Kevin Durant wants out of Brooklyn, or at least he wants a fresh start.|

Kevin Durant wants out of Brooklyn, or at least he wants a fresh start.

That was the message he reportedly delivered to Nets owner Joe Tsai in a weekend meeting in London, according to The Athletic’s Shams Charania.

Durant has amended his late-June trade request to include the possibility that he’d consider staying with the Nets if general manager Sean Marks and head coach Steve Nash are fired, Charania reported Monday.

If you’ll recall, Durant and Kyrie Irving were reported to be strong voices in the Nets’ ouster of former head coach Kenny Atkinson midway through their first year in Brooklyn, even as they played a combined 20 games that season while Durant recovered from a torn Achilles.

Nash, a former star teammate of Marks in Phoenix, appeared to be a hire endorsed by Durant, given their relationship that extends back to the end of Nash’s playing career.
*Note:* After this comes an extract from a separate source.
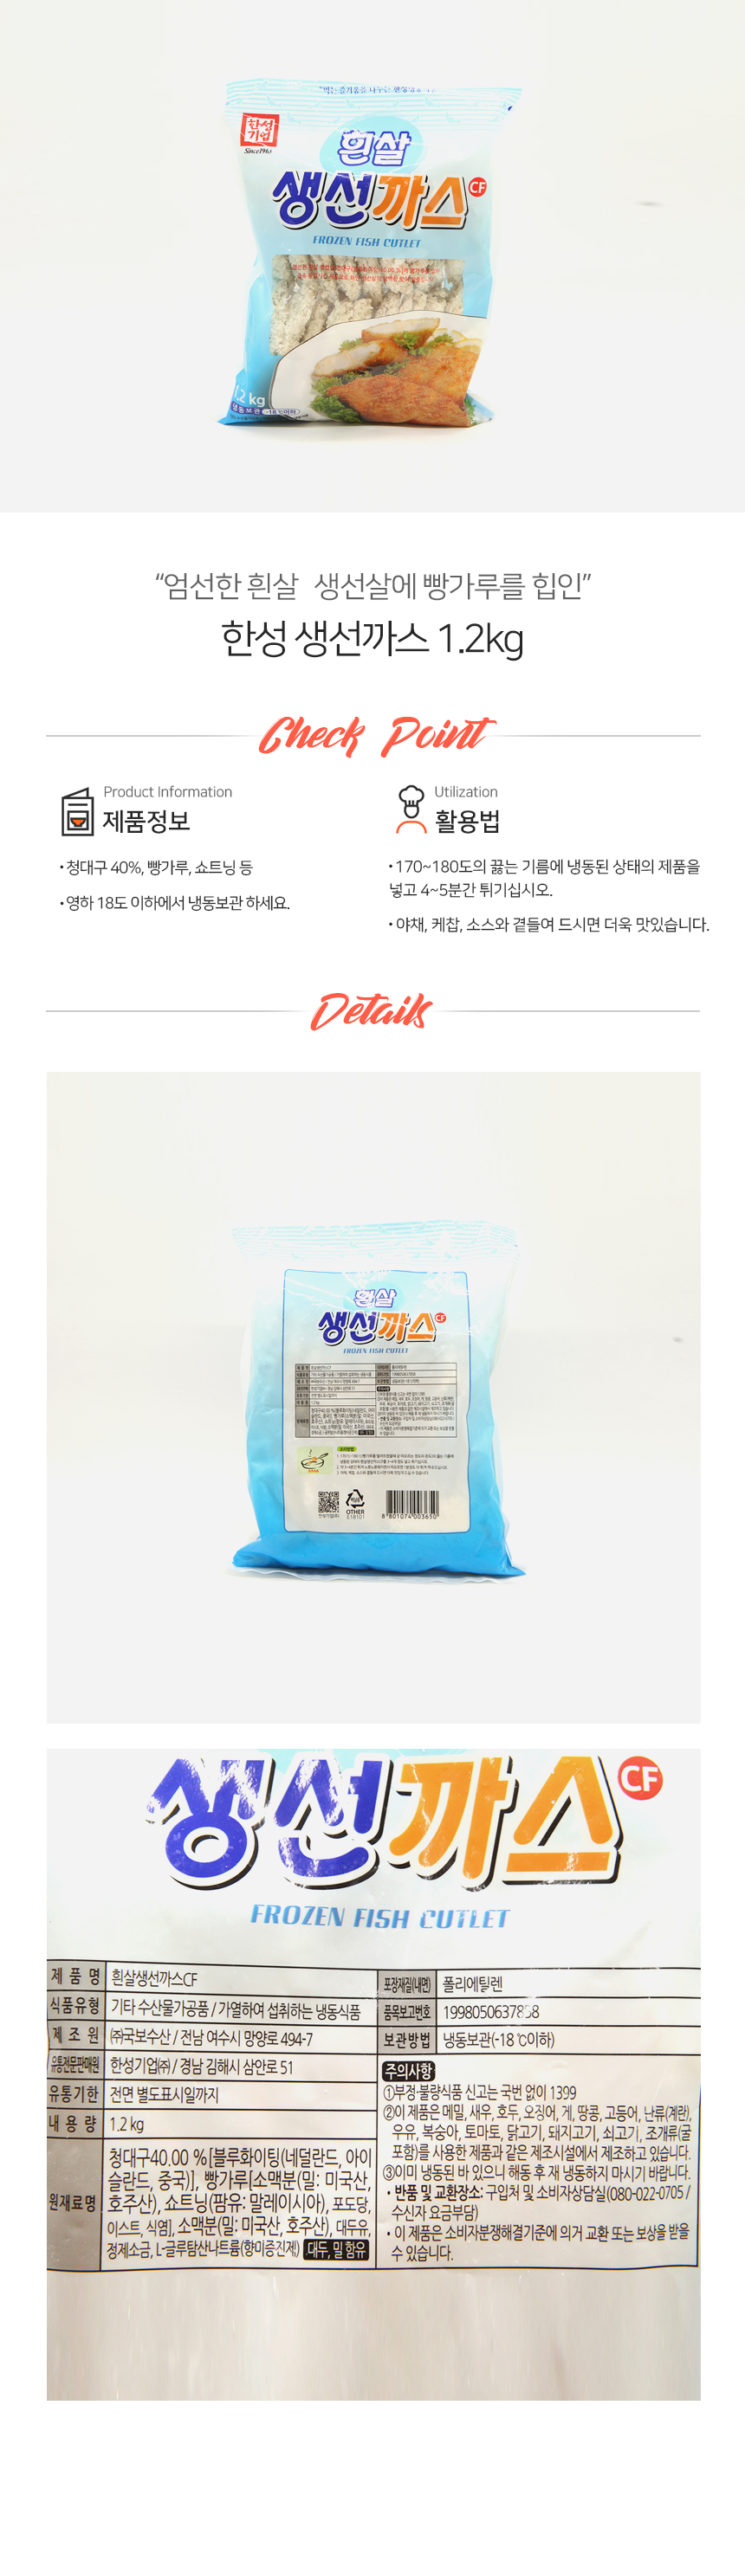 韓國食品-[Hansung] Fried Fish Nugget 1.2kg

That was before Nash, as a Warriors special adviser, helped Durant come to the decision to leave Oklahoma City for Golden State in 2016. (Tim Kawakami delved deep into that phone call and the relationship for this publication.)

But things in Brooklyn have not gone according to plan, from Irving’s irregular availability (for one reason or another) to the failed trade for James Harden, which gutted the team’s depth behind Durant and Irving only for Harden to decrease in value before he requested and was granted his own trade.

It’s hard to find an appropriate trade partner in a Durant deal, because any team must have enough:

1. Assets to compensate Brooklyn for one of the greatest scorers of all time, on a four-year contract;

2. Core players left after a trade to meet Durant’s desire to compete for a title;

3. Faith that Durant will report to the team and won’t ask out if there is a rough stretch.

Reading the tea leaves, Durant’s concession that he’d stay if the Marks-Nash duo were gone may indicate just how tough it’s been for the Nets to find an agreeable deal. That search became harder after the Suns (reportedly Durant’s preferred destination) lost the ability to sign-and-trade Deandre Ayton when Ayton signed an offer sheet with the Pacers.

Or perhaps it could be a sign that Durant doesn’t think the current regime is working hard enough to find a partner to get him out of town, and a new general manager might be more likely to get the job done.

Whatever the case, Durant has gone from trusting Nash to help him make the biggest decision in his career to requesting Nash (and Marks) be fired. It’s clear something has soured in the relationship since the days when they would work out after Warriors practice sessions.